Early Promise for a New Paralysis Treatment
Four months ago, Roger, a 55-year-old construction worker from Mooresville, N.C., fell out of a deer stand and was left with a damaged spinal cord and no sensation from the middle of his chest down. Patients with his condition typically have less than a 1-in-20 chance of recovering any feeling in or control over the paralyzed areas. A new kind of implant aims to change that.
At Carolinas Medical Center in Charlotte, Roger, who doesn’t want to disclose his last name to protect his privacy, allowed doctors to perform an experimental procedure that involved cutting directly into his spinal cord to insert a sort of bridge for surviving nerve cells. Within a month, he regained feeling in his abdomen, some feeling in his legs, and some bladder control.
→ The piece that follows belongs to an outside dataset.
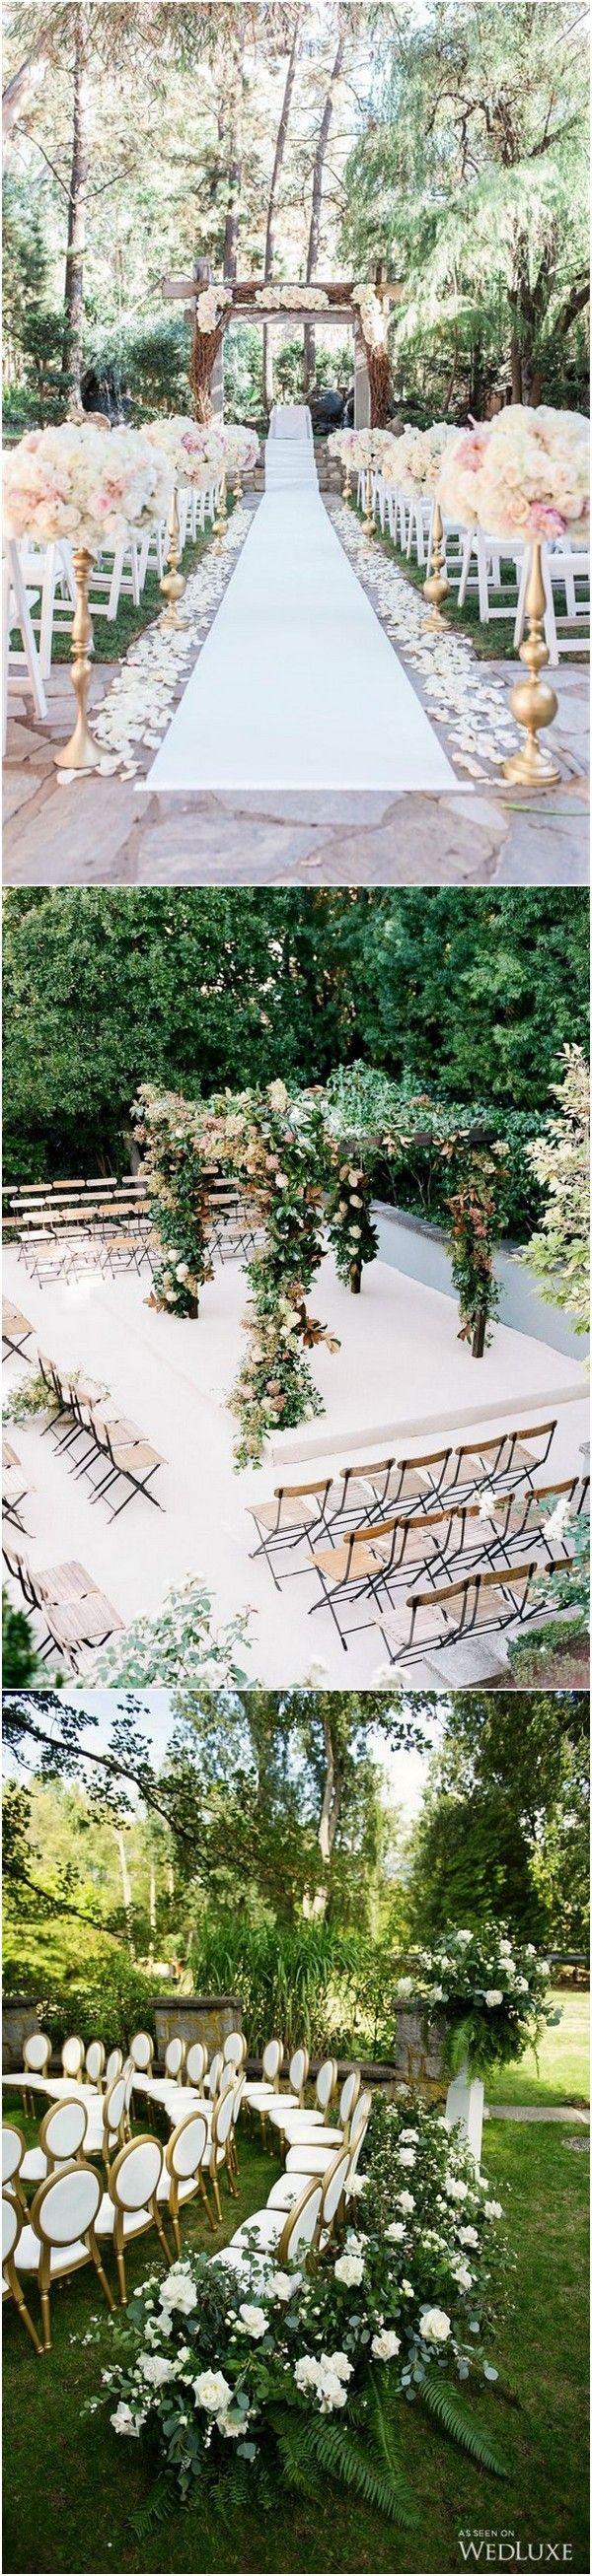 25 Brilliant Garden Wedding Decoration Ideas for 2018 Trends ...
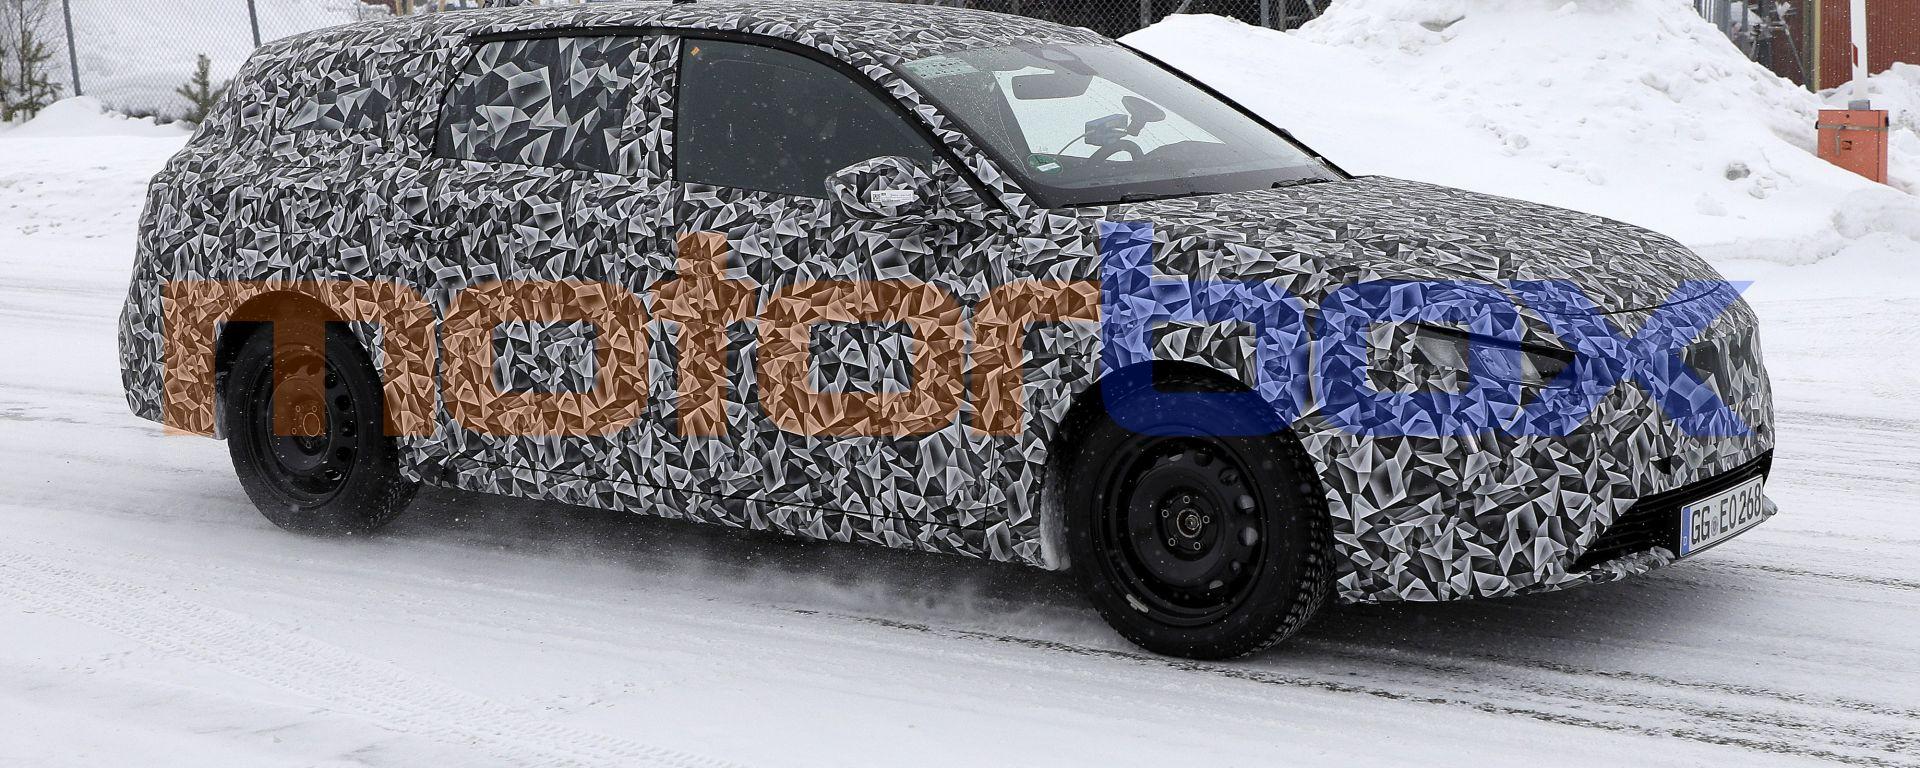 Peugeot 308 SW 2022, nuove foto spia

While he’s not walking, he says he’s determined to get there and is getting leg braces so he can move with a walker.
Roger was the third patient to receive the implant, made by InVivo Therapeutics in Cambridge, Mass., and the second with markedly improved bodily function. The chance of that happening was below 1 percent, according to InVivo Chief Executive Officer Mark Perrin, and it’s welcome news for the 8,000 Americans who suffer spinal cord-related paralysis each year.
Conventional treatment focuses on repairing a fractured spine with rods and screws, but it doesn’t address the spinal cord itself, which relays electrical impulses from the brain to the body. Imaging studies show that cell death in the spinal cord generally spreads even as patients recover. InVivo’s device, called the neuro-spinal scaffold, is a tiny cylindrical implant made of biodegradable plastic fibers. It supports nerve cells like a trellis, directing their growth where needed.
“You’re not just trying to stabilize the spine, but do something helpful directly at the area of the injury,” says Dom Coric, chief of neurosurgery at Carolinas Medical Center, who’s working with InVivo. “If we can preserve those cells, maybe we’ll get some function back.” The implant dissolves over several weeks, he says.
InVivo’s scaffold emerged from the MIT lab of Bob Langer, a biomedical engineering professor who’s founded some two dozen companies. More than a decade ago, Erin Lavik created a prototype scaffold for her MIT graduate thesis. As detailed in a breakthrough study she published with Langer in 2002, Lavik’s device, seeded with stem cells, helped paralyzed rats walk again. Later tests on rodents and monkeys proved similarly encouraging. (So far, human tests haven’t included stem cells.) Lavik is now a biomedical engineering professor at Case Western Reserve University.
InVivo, co-founded by Langer in 2005, licensed the technology from MIT in 2007 to commercialize it. The U.S. Food and Drug Administration initially granted the company permission to treat five patients, tracking each for three months before enrolling another. In October 2014, Jordan Fallis received the implant after a flip on a dirt bike paralyzed him from the waist down, and he regained some motor function. Patient No. 2, Jesi Stracham, has regained some sensation but no motor function in her legs since her motorcycle accident. Following those results, the FDA allowed InVivo to simultaneously enroll its last three patients, including Roger.
Langer, who’s been closely watching the patients’ progress, says he expects even better results when the company seeds the scaffold with stem cells or other growth factors to encourage regrowth of damaged nerves. InVivo has received a humanitarian use device designation, meaning it needs only proof of “probable benefit” to get FDA approval for wider use, according to CEO Perrin. He says he’s still talking with the FDA about what further tests the agency might want and wouldn’t set a target date for commercial approval.
While InVivo negotiates with the FDA, other scientists are working on new materials that could further stimulate cell growth within the spinal cord. Anthony Windebank, a neurologist at the Mayo Clinic’s Regenerative Neurobiology Laboratory, is working to develop biodegradable polymers that mimic the jello-like properties of the spinal cord. “The technology is changing, and what we can do with cells and biomaterial is revolutionary,” he says. It would be immoral, he says, “to not pursue this as hard as we can.”
The bottom line: InVivo’s neuro-spinal scaffold has led to marked improvement in two of its first three patients. FDA approval is pending.
(Updated eighth paragraph to clarify the term for InVivo's humanitarian use device designation.)